Thursday, 28 February 2019

Withdrawal of the United Kingdom from the European Union (Consequential Provisions) Bill 2019: Second Stage (Resumed)

 

5:35 pm

Photo of Paul MurphyPaul Murphy (Dublin South West, Solidarity) | Oireachtas source

Everyone in this House and society will agree we need to prepare for Brexit but doing so is not a neutral class-free, agenda-free, ideology-free task, with the exception of dealing with the many legal formalities and so on. Making these legal changes is fine but the approach of the Government and the majority of parties in this House in preparing for Brexit involves a continuation of their general policy, which serves the interests of the capitalist class and big business in this country. This is primarily through the mechanism of quite neoliberal economic policies. This is what is new and what has substance in this Bill as opposed to necessary legal and technical changes. The basic thrust of the Bill is to give greater facilities to State agencies, without democratic oversight, to give subsidies to companies as a response to Brexit. That is the most essential new element of what is here. Crucially, it is from public money, without resulting in public ownership and a changed nature of the economy.

We agree absolutely on the need to prepare for Brexit but we look at this from a very different standpoint, namely, that of working-class, ordinary people in this country. It should happen at State level but my colleagues will have raised the point about having a conference of workers from across this island and Britain to prepare to resist any attempt to place the burden of Brexit on working class people. The objective would also be to protect jobs, conditions, etc. The same applies in terms of what we think a government on the left would do in preparing for Brexit. It would be different in that, instead of the thrust being increasing the capacity of the State to dole out public money to private companies, it would be to seek to say there should be no attack on workers' living standards, no unemployment and no redundancies as a result of Brexit. While public resources should be used, they should be used in a way that is linked to the idea of public ownership and a changed model of the economy, as opposed to the very unsustainable model we currently have. I propose a model fundamentally based on a socialist industrial policy and a planned economy. Some of the unsustainable aspects of the Irish economy are exposed in the current discussion.
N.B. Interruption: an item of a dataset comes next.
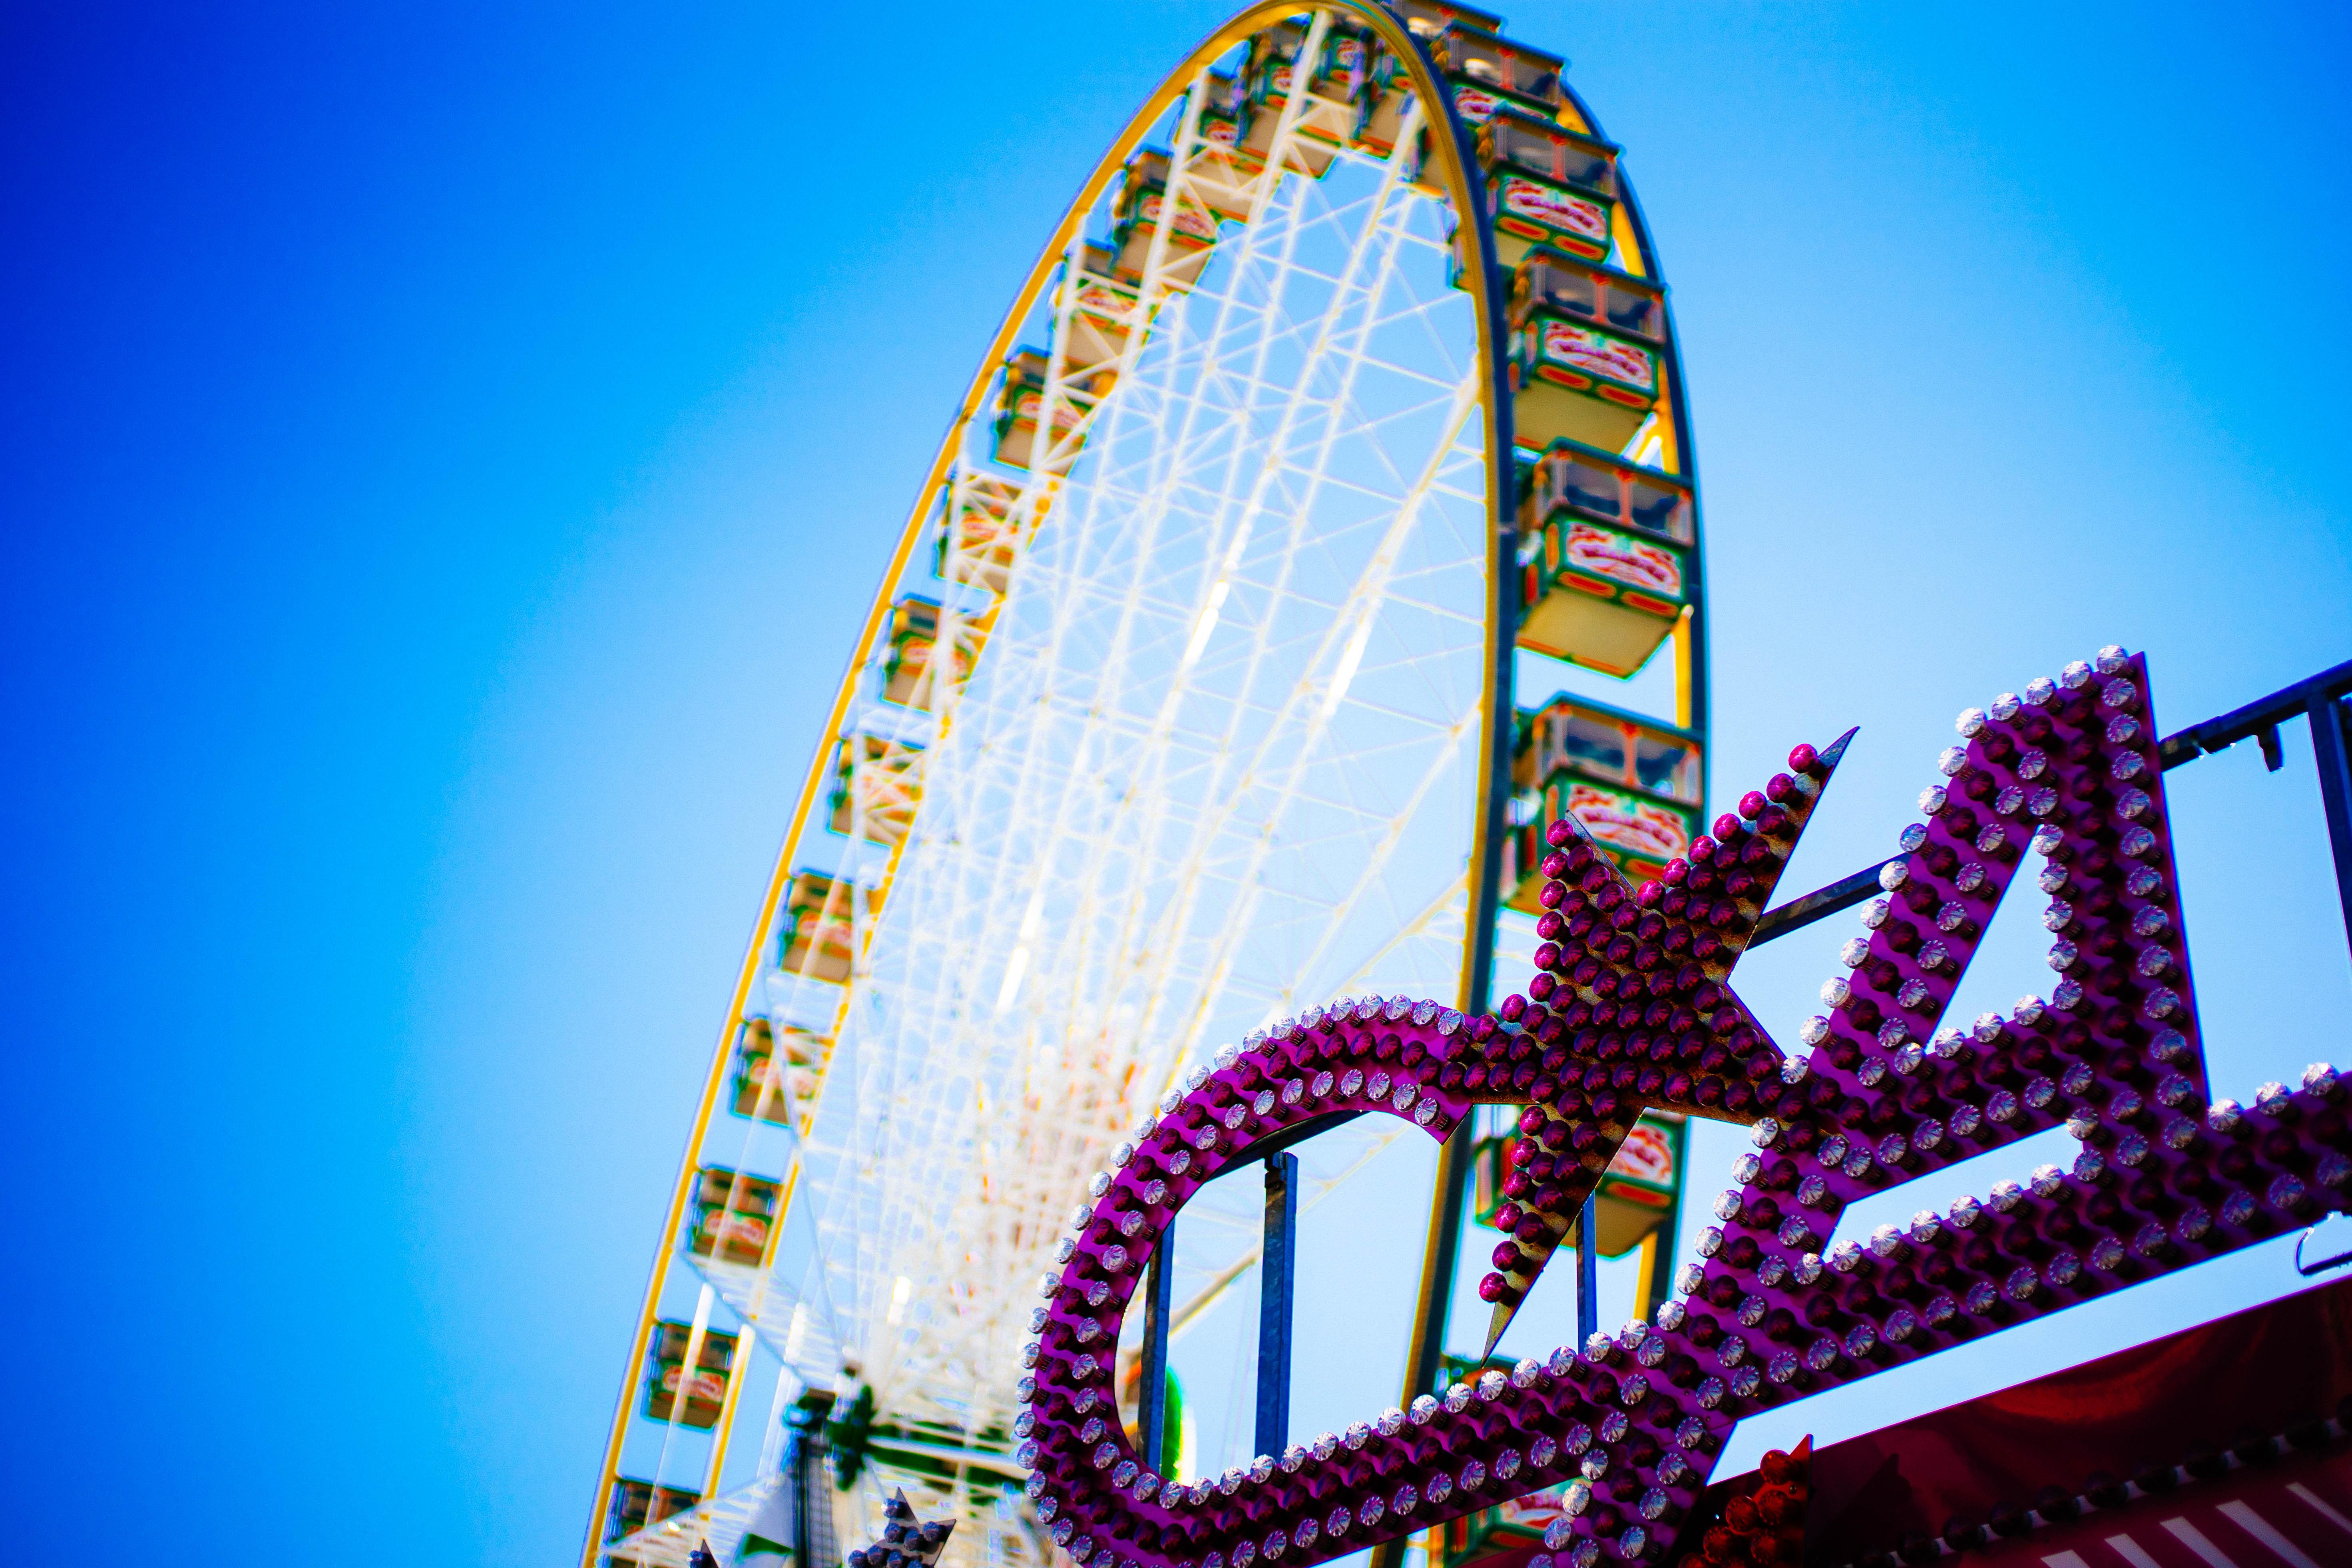 parc attraction 50

I want to focus on a couple of specific areas. My colleagues have dealt with others. Mr. Jeremy Corbyn stated accurately that Ms Theresa May's Brexit is a "bargain basement Brexit". Unfortunately, it is a bargain basement Brexit that is supported by all the major parties in this Dáil and it represents a vision of low tax, low regulation and a race to the bottom in the interest of finance capital and a section of British capitalism. The basic approach of the Irish Government in response, definitely supported by Fianna Fáil but also by others, is to go deeper in terms of building a basement under the British Government's basement, which is extremely dangerous.

Let me draw attention to the impact of the influx of global finance companies into Ireland as a result of Brexit. According to a Financial Timesspecial a couple of weeks ago, the Central Bank has received around 100 applications from financial firms to move here. As of January, 27 financial firms were definitely moving from London to Dublin, far ahead of Frankfurt, Luxembourg and Paris. Obviously, the Government sees it as a major success that we are managing to shift these companies to Ireland. What will be the consequence, however? The result will be a doubling down, as an economic model, of the idea of Panama on the Liffey, with the prospect of all the negative features of the so-called finance curse, like the oil curse, coming to be bear even more. According to Mr. Nicholas Shaxson, this is where an oversized financial sector comes to control the politics of a finance-dependent country and to dominate and hollow out its economy, displacing productive activities and giving great political and economic power to a small financial elite. It will also have the impact of exacerbating the housing crisis as thousands of highly paid executives move here looking for high-end rental accommodation close to the areas of the city where the jobs will be located.

We know from the banking inquiry, for example, that light-touch regulation applied to international banks in order to attract them to the IFSC was one of the major triggers for the deregulation of the domestic banks. In his evidence to the inquiry, banking expert Professor Gregory Connor testified as follows:

The IFSC ... specialises in regulatory arbitrage and tax-type situations that are perhaps pushing the limits. That ... is partly what offshore centres do, but it probably has been done to excesses in some cases in the IFSC. Furthermore, that tendency or philosophy washed back to the domestic economy. The regulation of financial markets in domestic Ireland was hobbled by the very light-touch approach that was one of the founding principles of the IFSC.

The former head of the banking supervision department of the Financial Regulator, Ms Mary Burke, confirmed this, explaining:

[T]he strategic decision that there should not be two different regulatory regimes - one for domestic firms and another for those in the IFSC - meant that a different approach was not taken to the domestic financial services sector. This decision was driven by a concern that the IFSC might otherwise be categorised as an off-shore centre with associated negative connotations.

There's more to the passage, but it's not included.